= What to produce =
A picture-free, exact reproduction of the listing that follows is required.

= Data below =
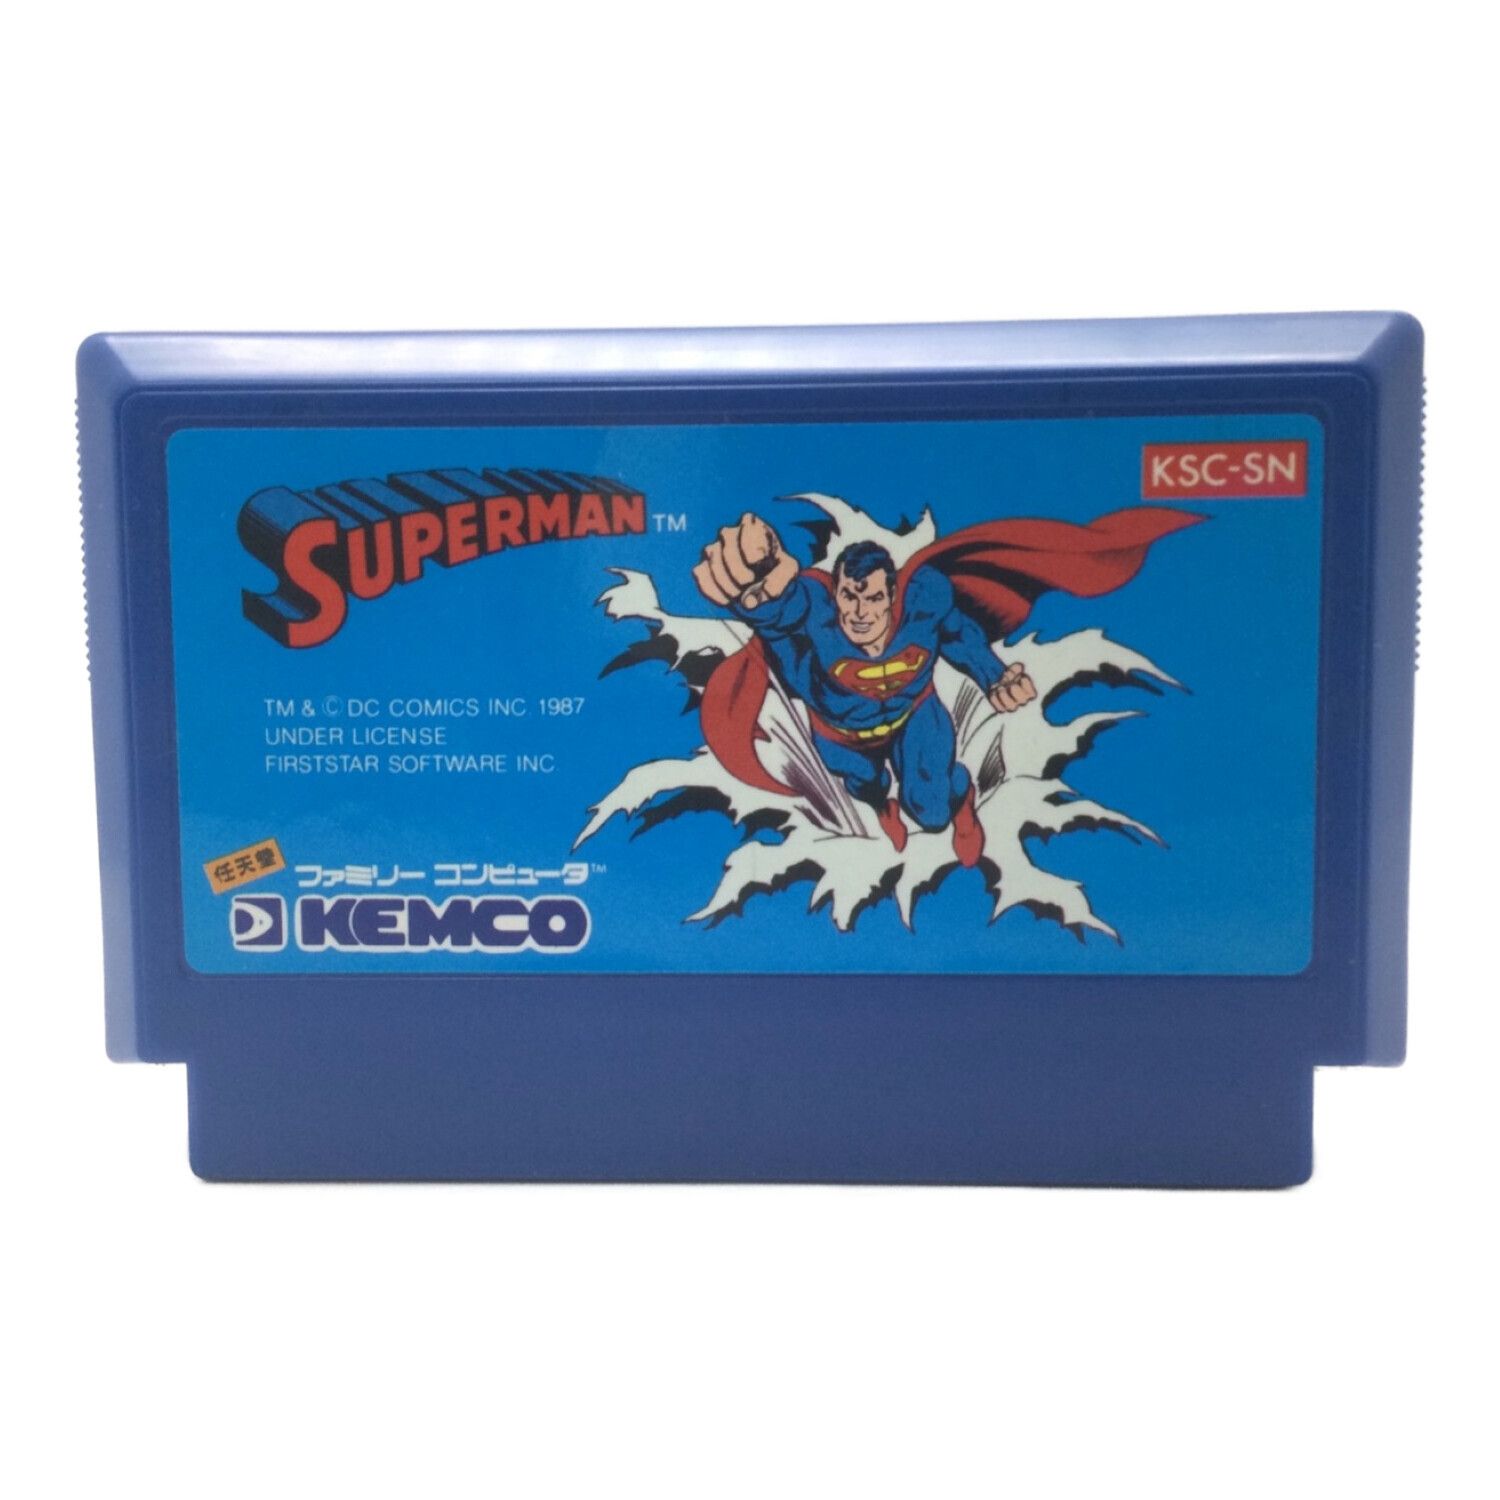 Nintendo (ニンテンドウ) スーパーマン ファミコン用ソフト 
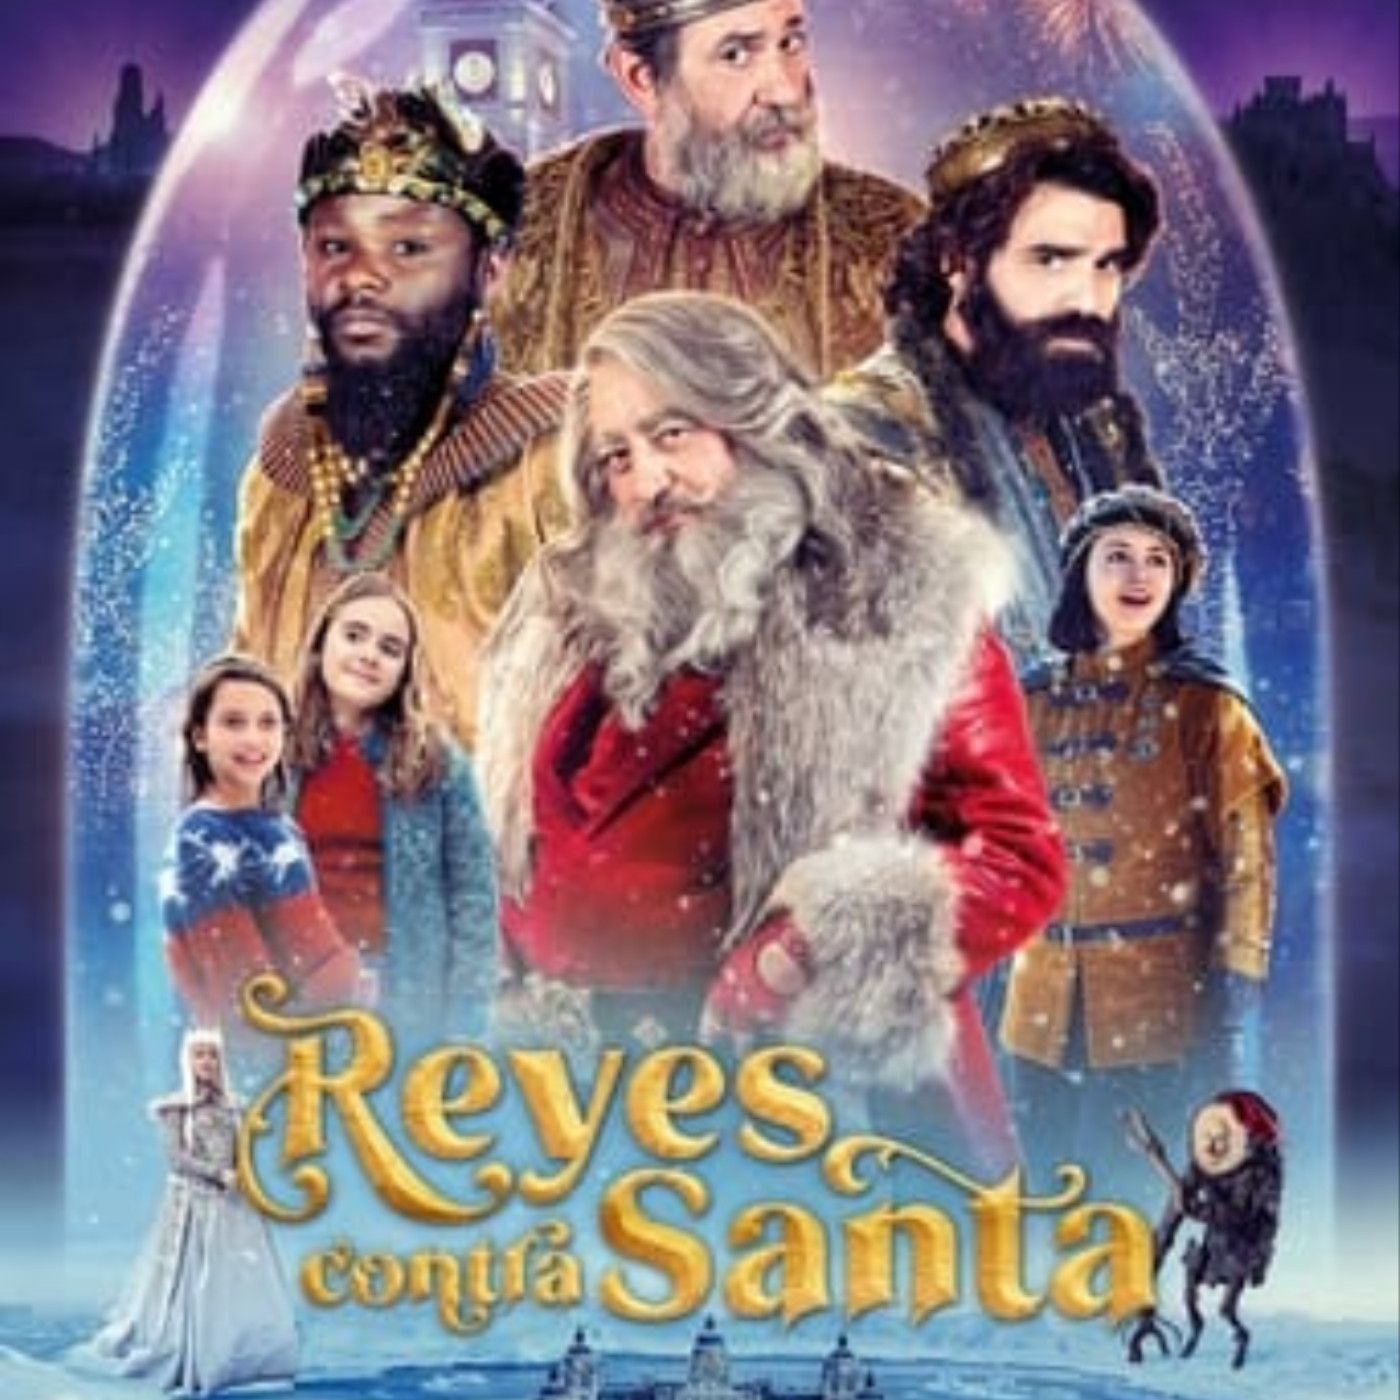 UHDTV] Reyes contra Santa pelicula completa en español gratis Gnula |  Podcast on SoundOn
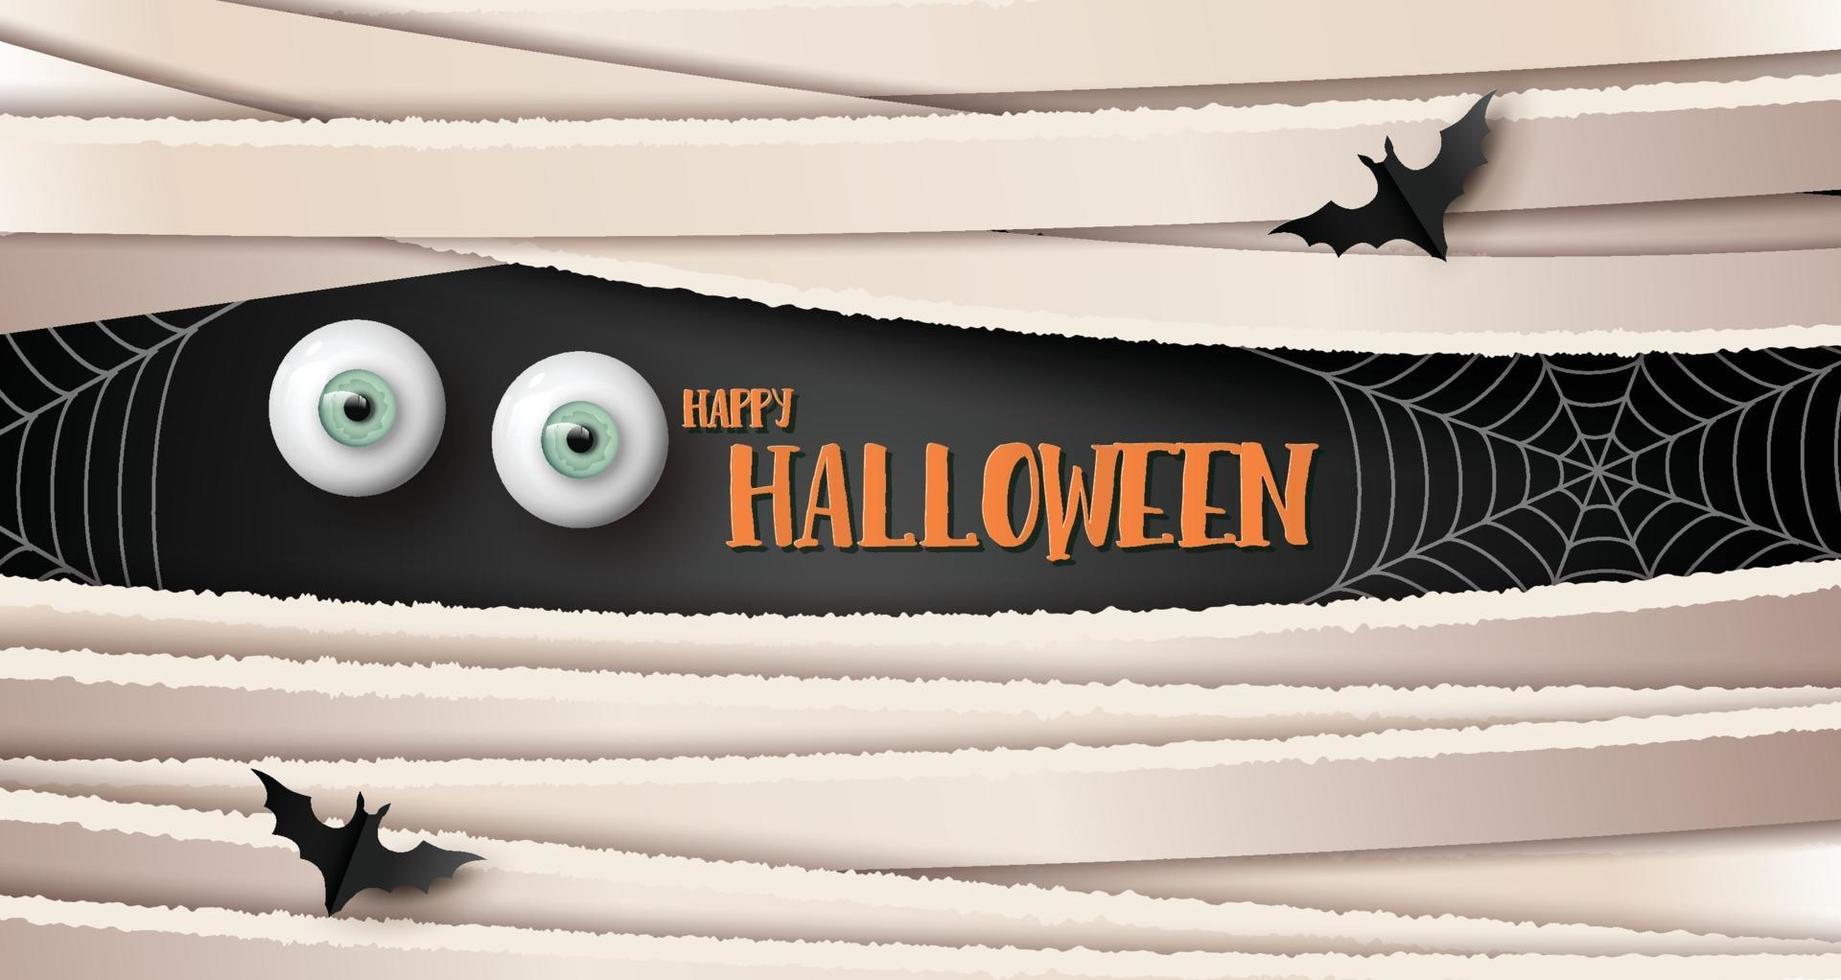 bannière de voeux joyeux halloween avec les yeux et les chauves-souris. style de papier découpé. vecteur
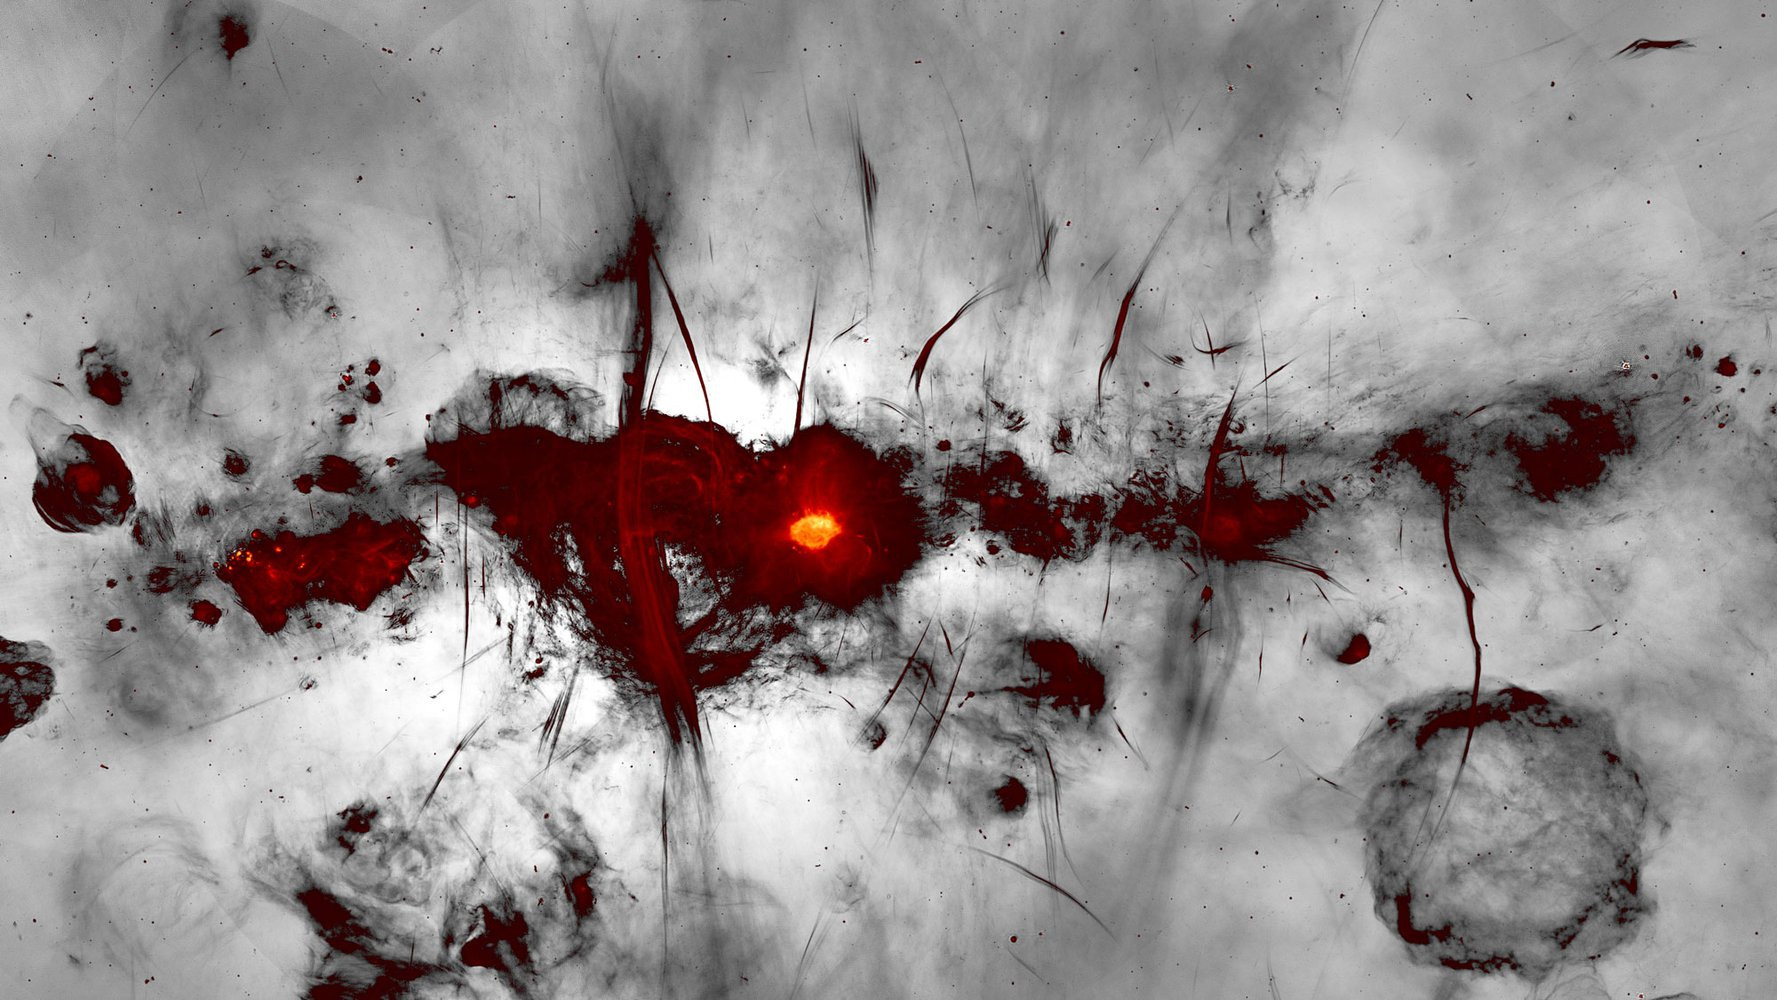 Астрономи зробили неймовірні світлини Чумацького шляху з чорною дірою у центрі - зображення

= Task solution =
 Nintendo (ニンテンドウ) スーパーマン ファミコン用ソフト 
 UHDTV] Reyes contra Santa pelicula completa en español gratis Gnula |  Podcast on SoundOn
 bannière de voeux joyeux halloween avec les yeux et les chauves-souris. style de papier découpé. vecteur
 Астрономи зробили неймовірні світлини Чумацького шляху з чорною дірою у центрі - зображення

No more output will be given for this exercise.